Nightmares on Wax — Echo45 Sound System (2025)

Echo45 Sound System — un album chaleureux et immersif de Nightmares on Wax qui transforme la basse, la mémoire et la culture des sound systems en un espace où l'on peut se sentir chez soi.

Par Rafi Mercer

Il y a des albums que l’on met pour faire de la compagnie, et puis il y a ceux qui s’emparent de la pièce dès que l’aiguille touche le sillon. « Echo45 Sound System » fait partie de ces derniers. Dès l’instant où la première pulsation grave se propage à travers la pièce, on comprend que George Evelyn ne propose pas simplement une compilation de morceaux : il construit un espace. Une petite architecture invisible, faite de basses, de souvenirs et de souffle. On a moins l’impression d’écouter un album que de pénétrer dans un univers qui vit déjà sans vous.

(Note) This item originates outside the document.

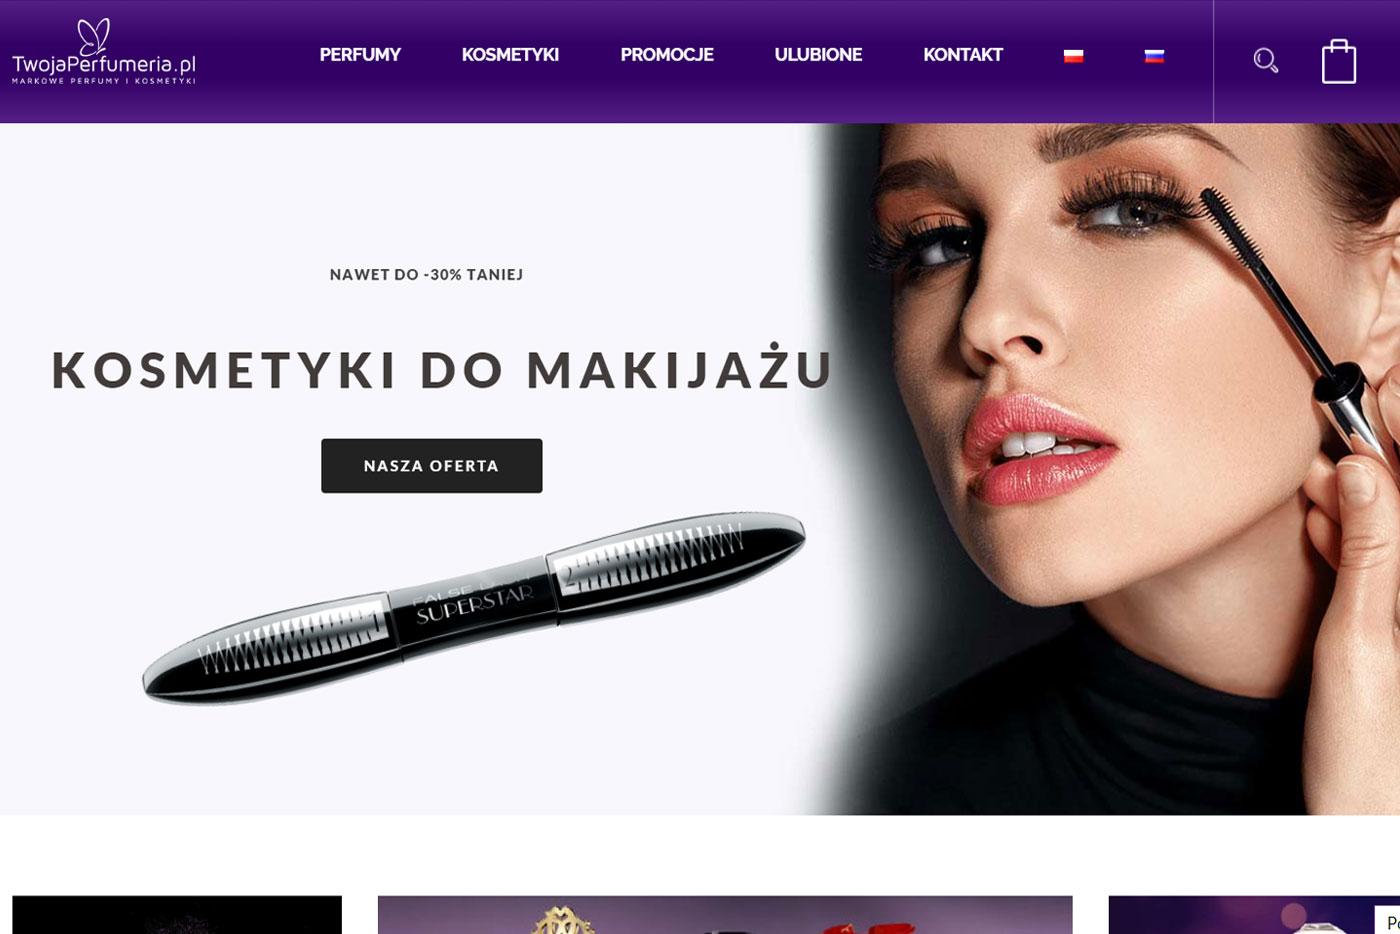 evion-agencja-reklamowa-agencja-marketingowa-białystok-strony-www-sklepy-www-interenetowe-twojaperfumeria

Nightmares on Wax a toujours possédé ce talent : cette chaleur, ce groove profondément ancré, cette façon de donner au rythme à la fois un ancrage solide et une sensation de légèreté. Mais ici, il se passe autre chose. Il est retourné au cœur même de son histoire : la culture des sound systems dans laquelle il a grandi, les enceintes qui l’ont façonné, les fréquences pirates qui sillonnaient autrefois les rues comme des fils secrets. On perçoit cette filiation dans le rythme, dans le ton, dans les silences entre les notes. Ce n’est pas de la nostalgie. C’est un retour aux sources, mais accompli avec l’aisance et l’élégance de quelqu’un qui a suffisamment vécu pour savoir exactement ce qu’il faut laisser de côté.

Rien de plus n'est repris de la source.